To Conservative cries of "shame on you!", the Labour leader warned that "we all pay a price in public safety" for spending cuts.

A fortnight after the Grenfell Tower fire erupted, the tragedy continues to cast a shadow over British politics. Rather than probing Theresa May on the DUP deal, Jeremy Corbyn asked a series of forensic questions on the incident, in which at least 79 people are confirmed to have died.

In the first PMQs of the new parliament, May revealed that the number of buildings that had failed fire safety tests had risen to 120 (a 100 per cent failure rate) and that the cladding used on Grenfell Tower was "non-compliant" with building regulations (Corbyn had asked whether it was "legal").

After several factual questions, the Labour leader rose to his political argument. To cries of "shame on you!" from Tory MPs, he warned that local authority cuts of 40 per cent meant "we all pay a price in public safety". Corbyn added: “What the tragedy of Grenfell Tower has exposed is the disastrous effects of austerity. The disregard for working-class communities, the terrible consequences of deregulation and cutting corners." Corbyn noted that 11,000 firefighters had been cut and that the public sector pay cap (which Labour has tabled a Queen's Speech amendment against) was hindering recruitment. "This disaster must be a wake-up call," he concluded.
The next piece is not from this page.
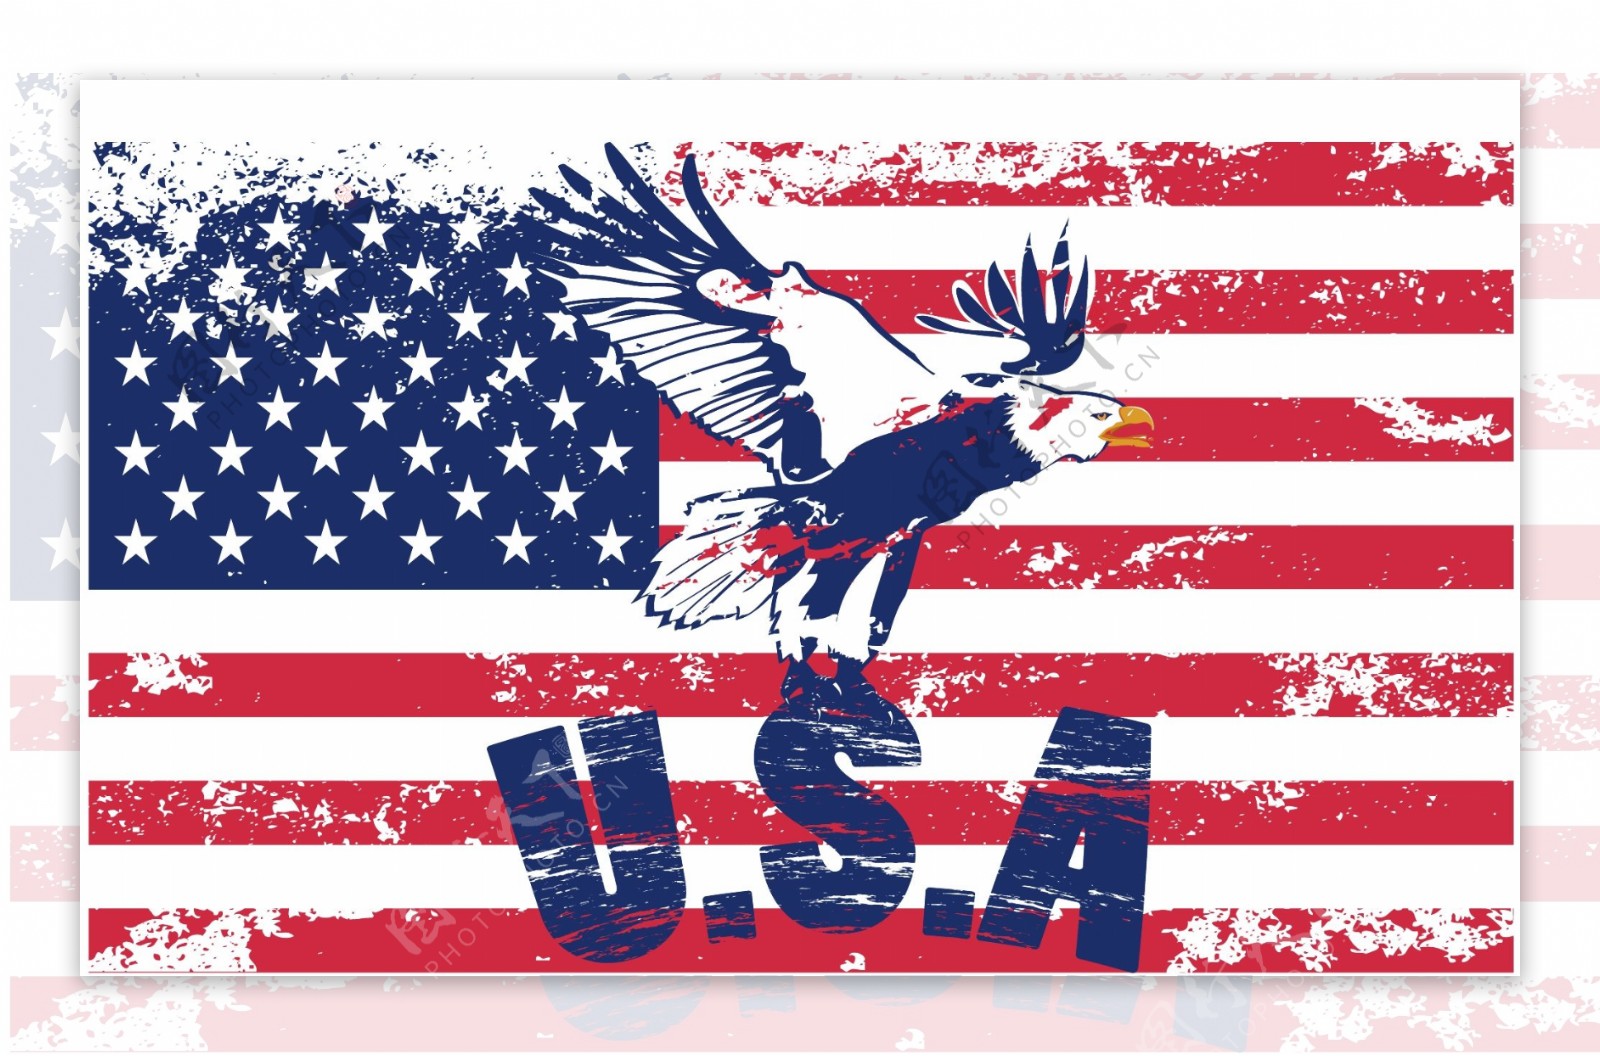 美国国旗设计矢量素材4

But May, who fared better than many expected, had a ready retort. "The cladding of tower blocks did not start under this government, it did not start under the previous coalition governments, the cladding of tower blocks began under the Blair government," she said. “In 2005 it was a Labour government that introduced the regulatory reform fire safety order which changed the requirements to inspect a building on fire safety from the local fire authority to a 'responsible person'." In this regard, however, Corbyn's lack of frontbench experience is a virtue – no action by the last Labour government can be pinned on him. 

Whether or not the Conservatives accept the link between Grenfell and austerity, their reluctance to defend continued cuts shows an awareness of how politically vulnerable they have become (No10 has announced that the public sector pay cap is under review).

Though Tory MP Philip Davies accused May of having an "aversion" to policies "that might be popular with the public" (he demanded the abolition of the 0.7 per cent foreign aid target), there was little dissent from the backbenches – reflecting the new consensus that the Prime Minister is safe (in the absence of an attractive alternative).

And May, whose jokes sometimes fall painfully flat, was able to accuse Corbyn of saying "one thing to the many and another thing to the few" in reference to his alleged Trident comments to Glastonbury festival founder Michael Eavis. But the Labour leader, no longer looking fearfully over his shoulder, displayed his increased authority today. Though the Conservatives may jeer him, the lingering fear in Tory minds is that they and the country are on divergent paths. 

George Eaton is political editor of the New Statesman.